In 2021, a book I’d labored on for eight years came out. Someone recently referred to it as an “alternative history.” Those words chilled me, too. 

Let me back up. A few weeks ago, the National Park Service for the Highway 80 National Memorial held an educational symposium in Selma, Alabama. I’d agreed to speak on a panel about findings from my book. A few days before the event, the park ranger notified me that the event funding had not been approved in Washington, D.C. (a new requirement). It was no mystery why that happened. 

The Highway 80 Memorial preserves the history of the Selma to Montgomery March in 1965, where protestors wanting the freedom to register and vote attempted to march across a bridge in Selma. In front of news cameras and reporters, state troopers and a local posse beat them. The shock and horror of what America saw helped pass the Civil Rights Voting Act of 1965.

Despite the lack of funding, I attended the symposium, as did other panelists. 

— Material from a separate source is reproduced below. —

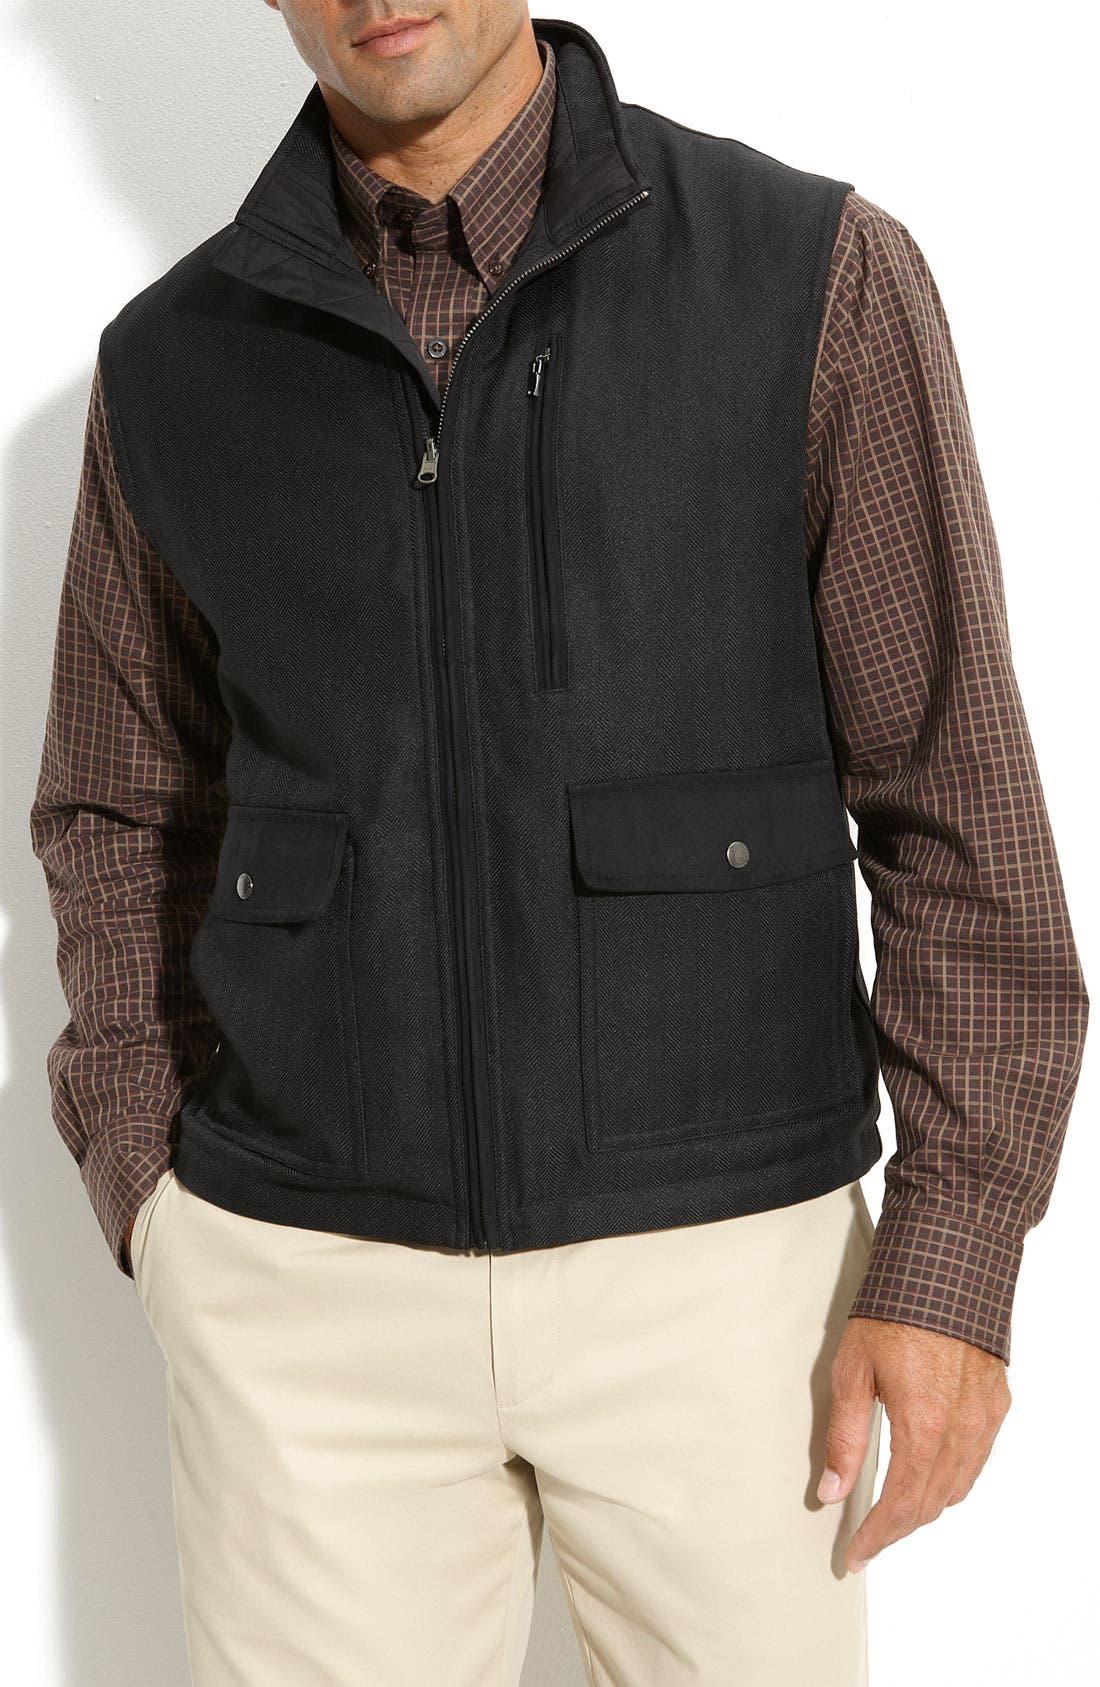 Main Image - Cutter & Buck 'Bearsden' Reversible Vest
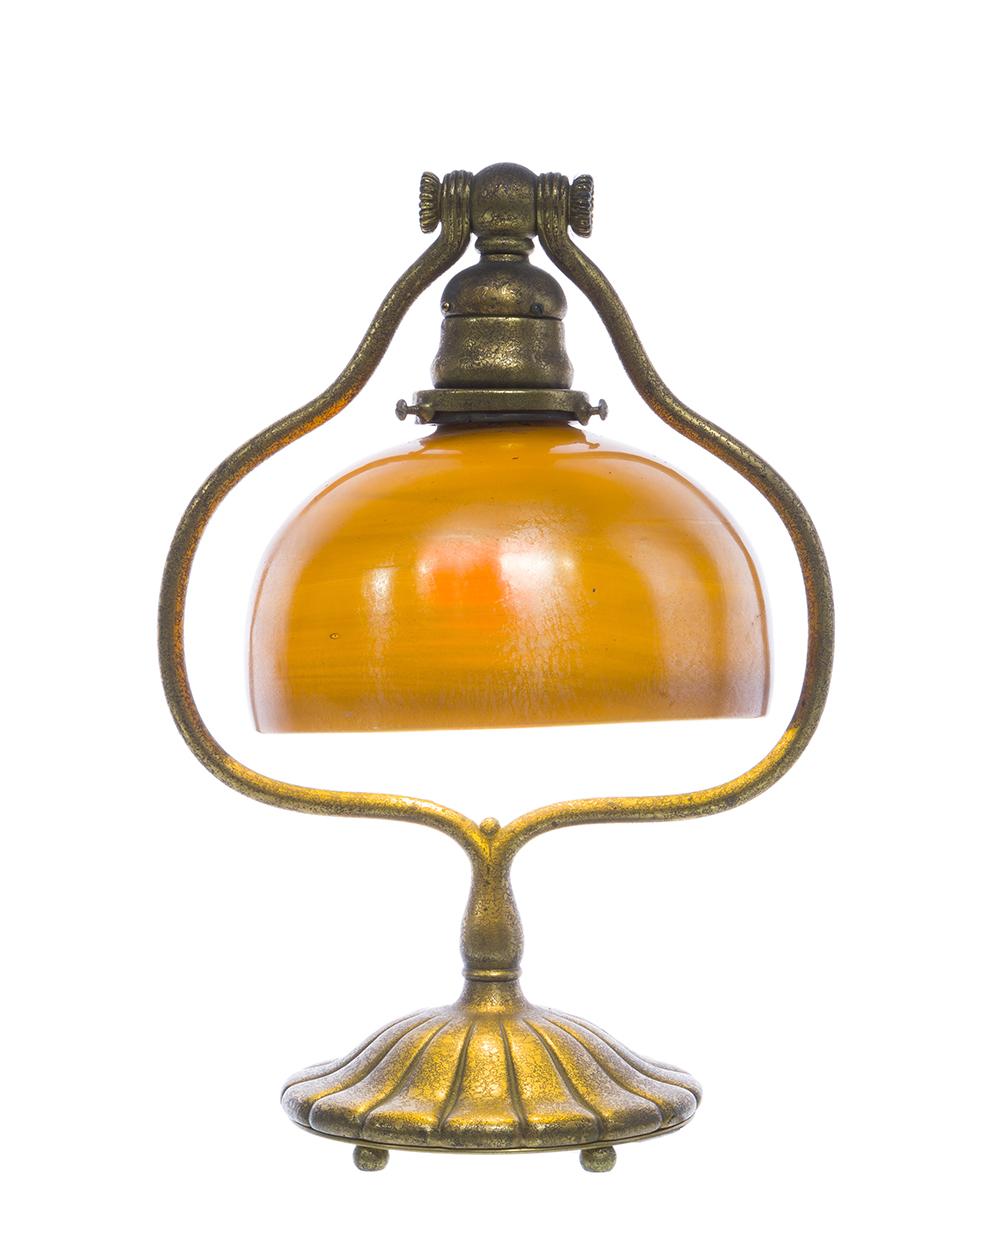 Lot 14 - A Tiffany Studios harp desk lamp with Favrile shade

My talk, “The 72,” was about a little-known event the day before “Bloody Sunday,” where seventy-two White people across Alabama marched to support Black citizens’ voting rights. I’d written about it in my book—Behind the Magic Curtain: Secrets, Spies, and Unsung White Allies of Birmingham’s Civil Rights Days.

The talk was well-received, and I learned a lot from the other panelists. Quite worth the trip, even without the honorarium. I considered it a donation to the National Park Service.

So there.

But the headline in the Washington Post shook me. “Amid anti-DEI push, National Park Service rewrites history of Underground Railroad.” 

The National Park Service website, “What was the Underground Railroad?” had been modified. The first line of the original webpage was “The Underground Railroad — the resistance to enslavement through escape and flight through the end of the Civil War — refers to the efforts of enslaved African Americans to gain their freedom by escaping bondage.”  

It was changed (grammar issues aside) to: “The Underground Railroad—flourished from the end of the 18th century to the end of the Civil War, was one of the most significant expressions of the American civil rights movement during its evolution over more than three centuries.” 

Photographs of vintage stamps of five abolitionists, two of whom are White, replaced the central figure of Harriet Tubman.

Don’t get me wrong. I think it is important and helpful to understand and recognize that non-Black people played a role in civil rights, as long it does not occlude or diminish the harsh truths of slavery and Jim Crow and the struggles of the people who endured them

My book, Behind the Magic Curtain, was about unveiling the forgotten stories of White allies that existed alongside the civil rights movement. It was meant not as an “alternate” history but as an enrichment of our understanding of what happened. If I may quote myself:

“Standing up matters, and stories matter. Both show us what is possible, even in times of darkness.” 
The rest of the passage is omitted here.